Kayla Scheer has wanted to be an educator since fourth grade. Being a Millennial, she’s on the technology fad, thus it has made its mark on her teaching. As an educator, she’s not sure why we are teaching “21st century skills” when students have been natives for the past fifteen years. Tinkering with Technology is her concept of learning. Students need to be taught with inquiry to fuel a meaningful learning experience. It is time for students to take control and facilitate how they learn – this indeed has an impact on all our futures.

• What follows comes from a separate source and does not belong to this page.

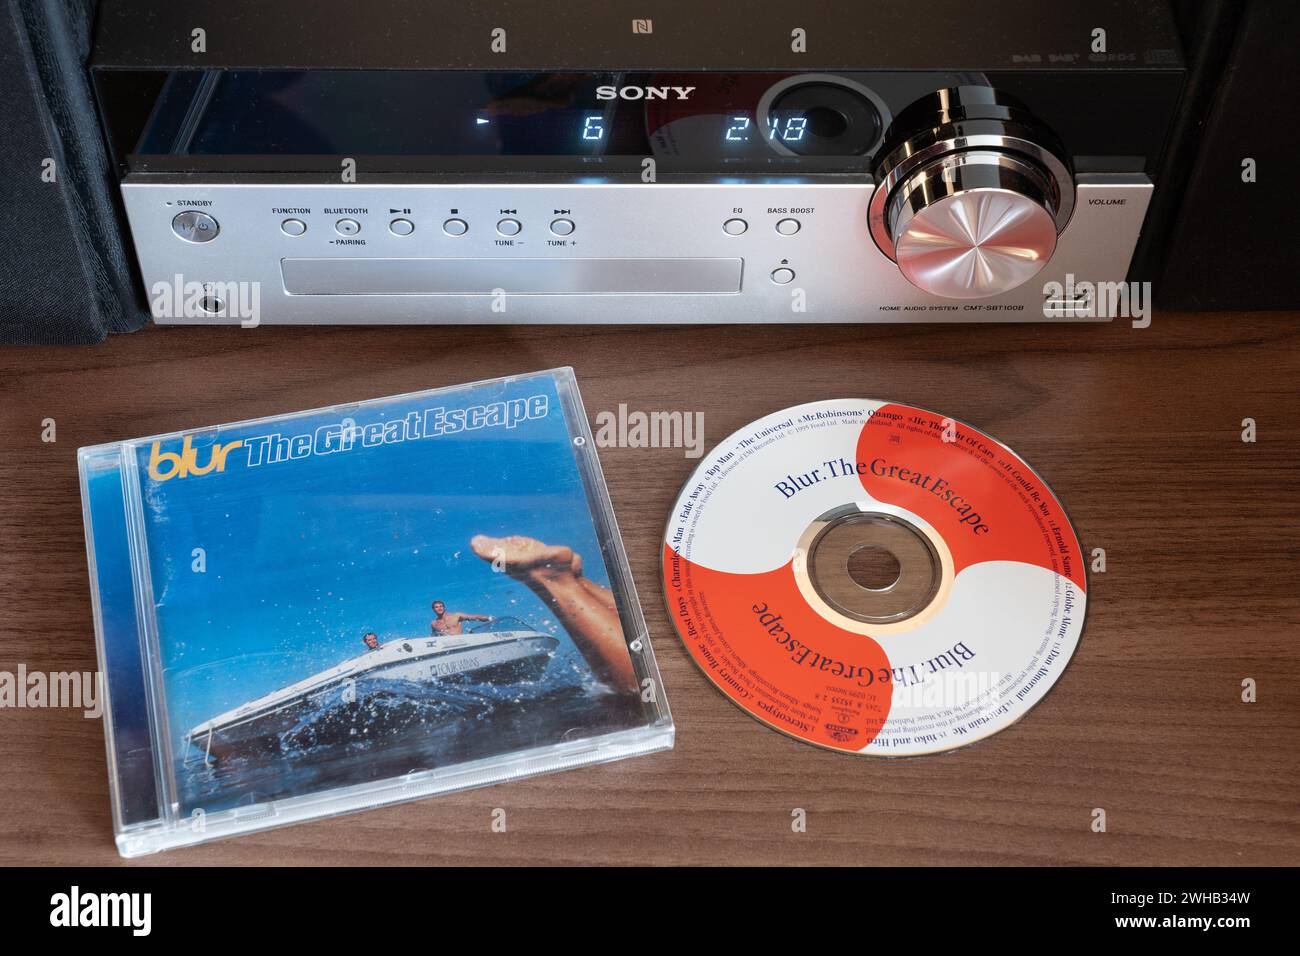 The Great Escape ist das vierte Studioalbum der britischen Rockband Blur. Das Album erreichte Platz eins in den UK Albums Charts. CD-Album hier zu sehen Stockfoto

John is an educator serving learners and their families at Harrison Middle School in Albuquerque’s South Valley. Through critical pedagogy and indigenous epistemology, he and his students work to build life rafts for their community. The rising waters of his learners’ lives flood the classroom and become centerpieces of the curriculum. Using “Social Holography,” his students analyze the dynamic intersection of human values, language, history, epistemology, power, society and culture and how these change between place and space. Each student thus creates her or his own water wheel to power themselves to become the change they want to see.
Max is one of our founders and truly is the heart and soul of Galloping Grace. After earning his degree in surveying engineering from New Mexico State University, he became vice president of Artistic Homes and then the owner/president of Comfort Air and Plumbing. Tired of the rat race, he longed for a more meaningful purpose and for a way to serve others, particularly children. It is Max’s life’s passion to develop Galloping Grace Youth Ranch into the nation’s leading youth development nonprofit organization in the field of agriculture. We couldn’t ask for a more visionary and enthusiastic leader!